Long Island University - Westchester is ...
Long Island University - Westchester Reviews
I have attended a few colleges/universities and I have to say I am most disappointed in the over-all experience. I have had no luck with my internship, which is mandated by the State of New York Higher Education. I was told (and other students as well) that it is my responsibility to find an internship. In the meantime, when contacting organizations or psychology based companies, I was told they do not deal with the students, but only deal with the school. I found two internships that have nothing to do with my major and after two semesters, have only accrued 1/2 of the first set of hours! In order to remain in school, I had to take 3 courses (as electives) in addition to the required coursework . . . . just to remain in school so I could "work for free" through my internship. I probably will not gain the necessary or required "internship experience" needed to find a job in the field, and I am now well over budget in the anticipated student loans borrowing process. I cannot work because I have to put in 20-25 hours per week for an internship, but I cannot drop out of school and get a job that is not in my field (because I won't be able to graduate)! It is a catch 22 and I am not feeling hopeful that I will ever get out of this mess! All I can say is, ASK LOTS OF QUESTIONS ABOUT INTERNSHIPS REQUIRED BY THE STATE AND SCHOOL AND MAKE SURE YOU LOOK WELL IN ADVANCE. I searched about 6 months prior to when I thought I would be starting and it was not enough time! Also, stay away from Mental Health Counseling AND Marriage and Family Therapy, and focus on getting a degree in Social Work.

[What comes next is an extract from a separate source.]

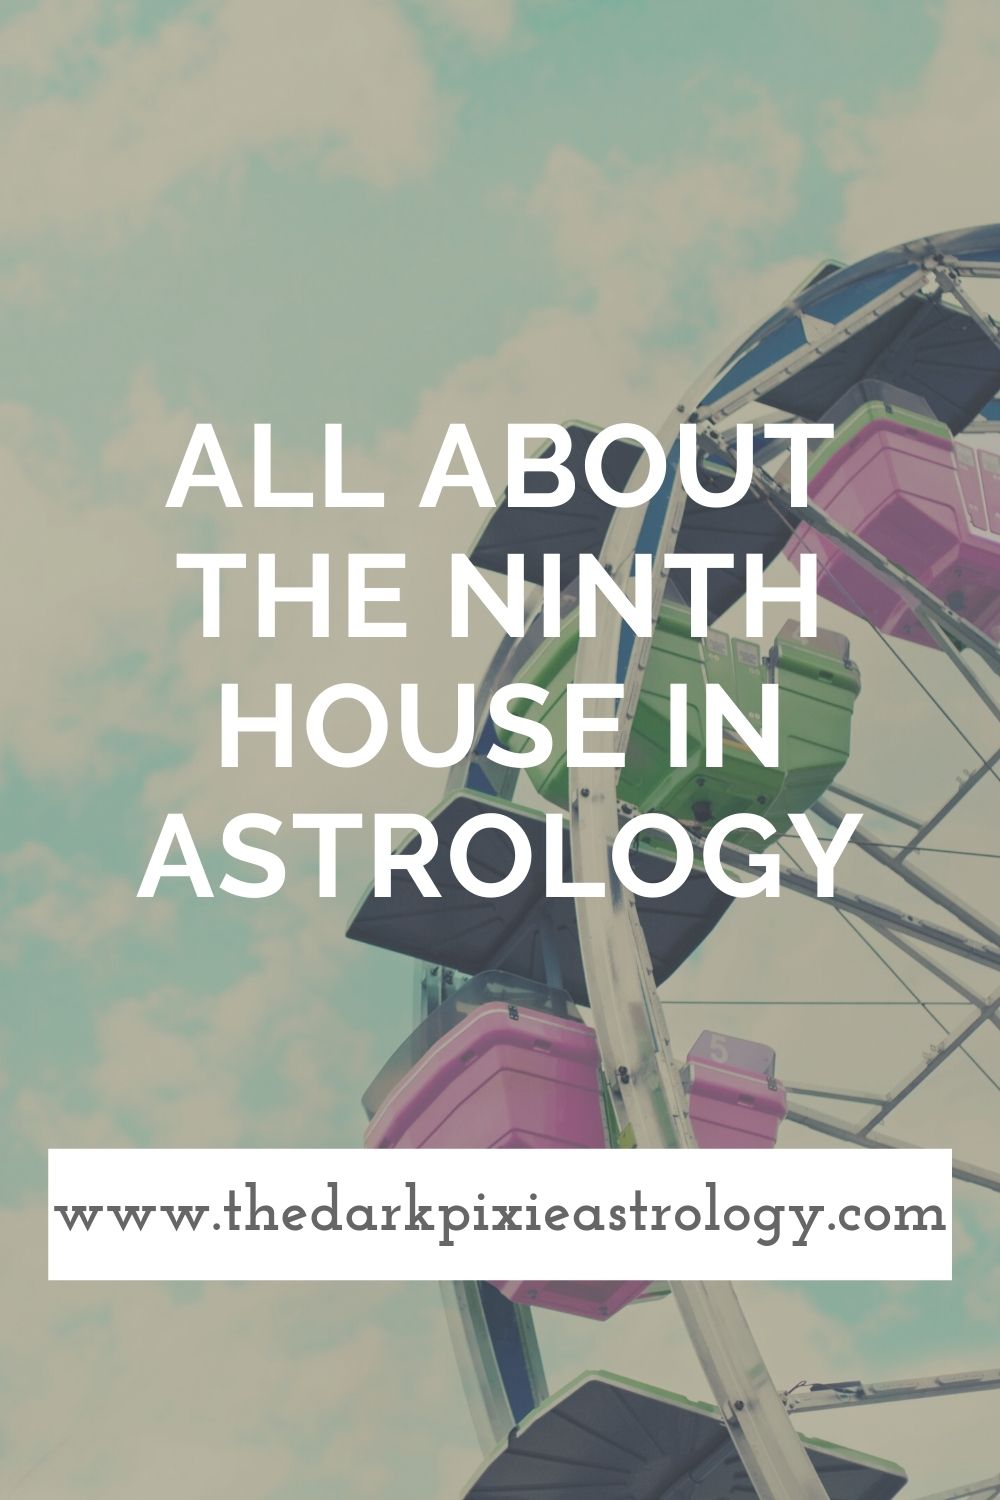 All About the Ninth House in Astrology - The Dark Pixie Astrology

Depending on your state and region of the country, research, research and research some more as to which degree is in demand, where you can get an internship, which specialty (if any) you are looking to focus in, and make sure there will be jobs after you graduate (during the temporary licensing period prior to taking the state test and pursuing your permanent state license.
Masters programs are usually rather standard with a few choice electives. Professors teach several courses. More group assignments and presentations, vs. APA style term papers. Also, many professors require test taking, which is most frustrating at a Masters level. Also, syllabus is given at the beginning of the semester and many professors constantly change the curriculum, which is very frustrating when the majority of students work full time jobs. More lax than other educational institutions I have attended. Class sizes are relatively small, and usually no more than 20 students per class; however, registration caps at about 25 per class. I have been in classes as small as 4-6.
This is my second Masters. Disappointed in the support and assistance with internship, which has now caused me to push up graduation one whole year. I believe it is the school's responsibility (at the cost of education these days) to provide strong internship leads so that students are not left fending for themselves and ultimately, not gaining the appropriate experience necessary to break out into this difficult job market. A blended education is critical these days!